Hi All
Under CDP 7.3.1, our Impala's log is flooding with messages like
ORC read request to already read range. Falling back to readRandom. offset: 16248424 length: 105200 colrange_offset: 15988393 colrange_length: 365231 colrange_pos: 16353624 typeId: 94 kind: data filename: .......
from queries reading ACID ORC tables created from Hive.
We've been searching about that and the only thing we've found is the code that triggers that message.
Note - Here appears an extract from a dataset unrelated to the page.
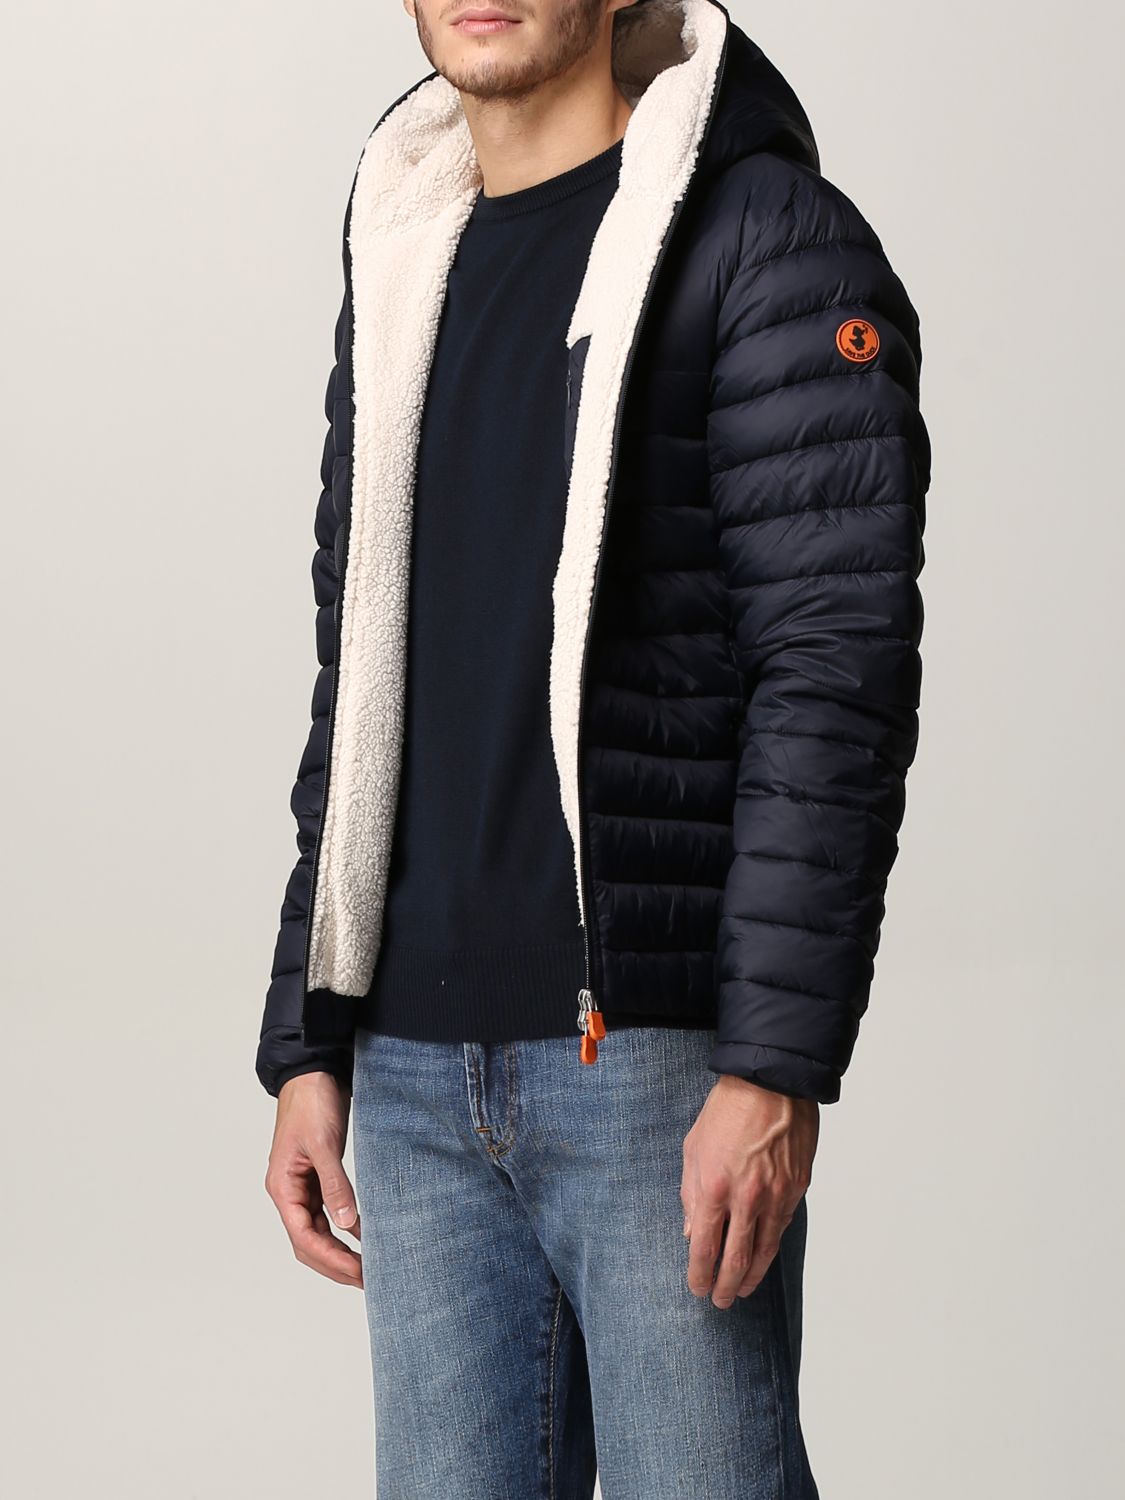 Jacket Save The Duck: Save The Duck jacket for man blue 3
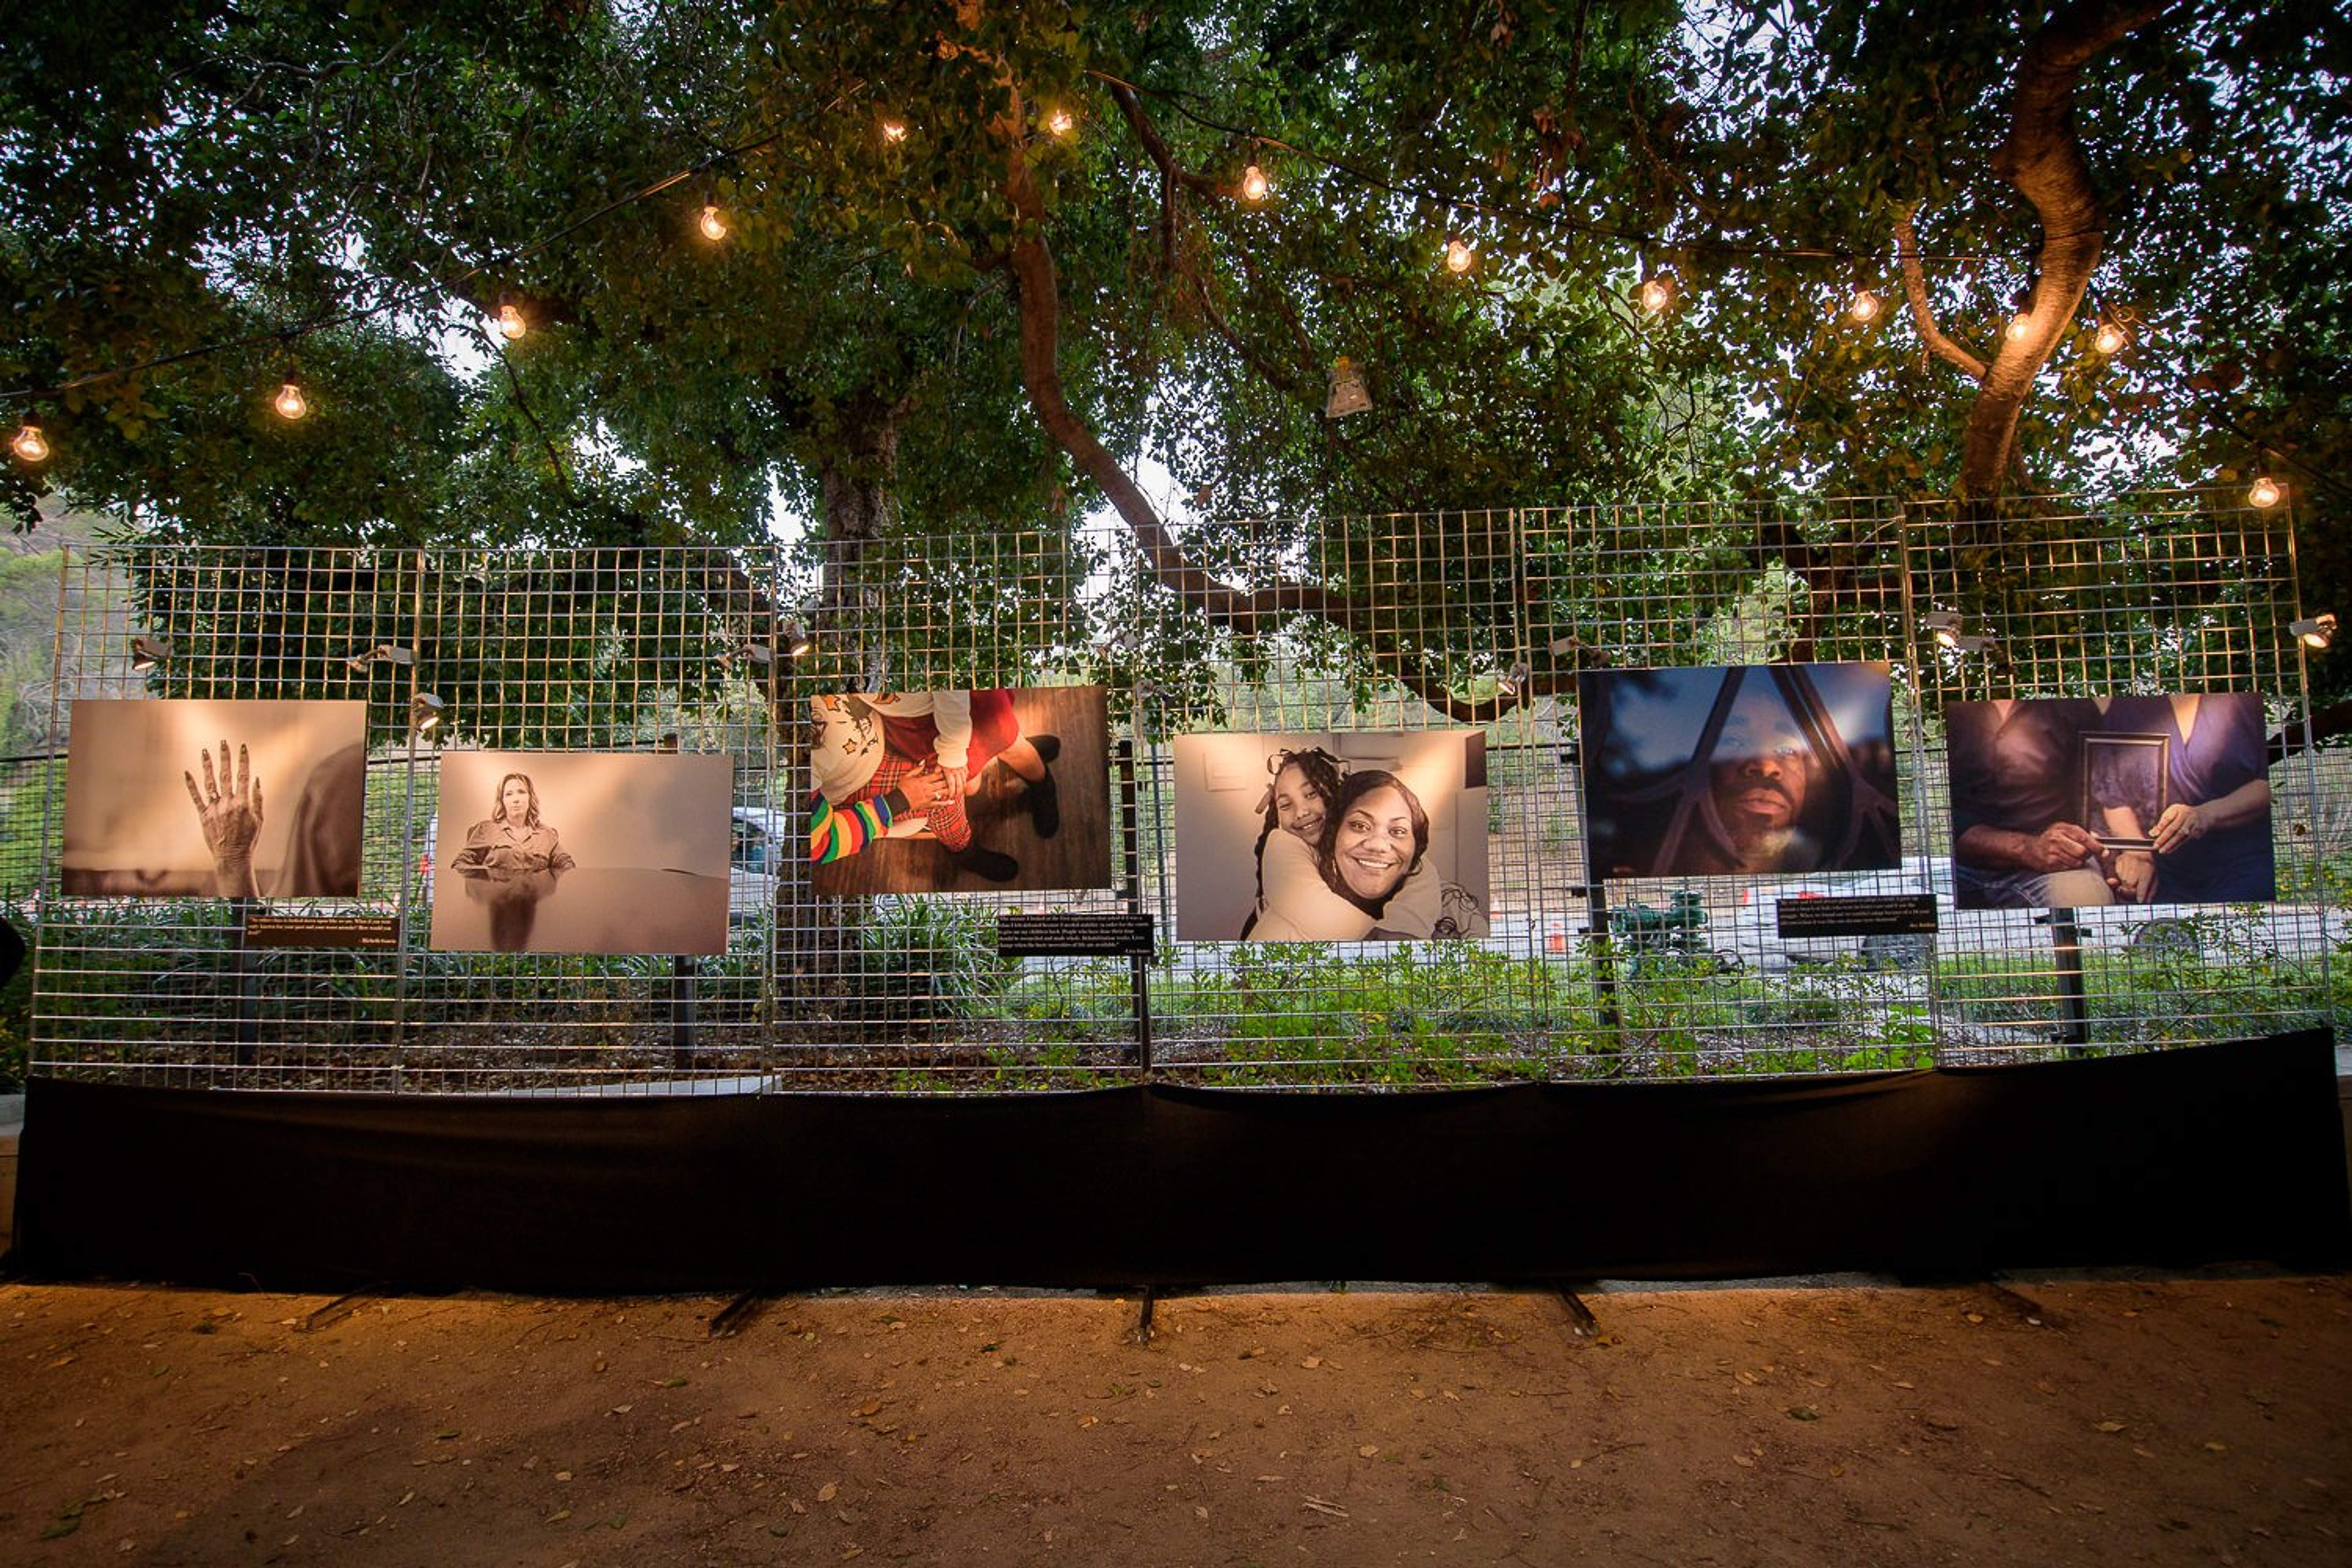 Photos of people affected by incarceration posted on a fence.

void HdfsOrcScanner::ScanRangeInputStream::read(void* buf, uint64_t length,
uint64_t offset) {
Status status;
if (scanner_->IsInFooterRange(offset, length)) {
status = scanner_->ReadFooterStream(buf, length, offset);
} else {
ColumnRange* columnRange = scanner_->FindColumnRange(length, offset);
if (columnRange == nullptr) {
status = readRandom(buf, length, offset);
} else if (offset < columnRange->current_position_) {
VLOG_QUERY << Substitute(
"ORC read request to already read range. Falling back to readRandom. "
"offset: $0 length: $1 $2",
offset, length, columnRange->debug());
status = readRandom(buf, length, offset);
} else {
status = columnRange->read(buf, length, offset);
}
}
if (!status.ok()) throw ResourceError(status);
}
I'd like to know the performance implications of those messages, if any (the messages are categorized as info), and in affirmative case, what we can do to solve this.
Thanks in advance for your help and time.
Regards.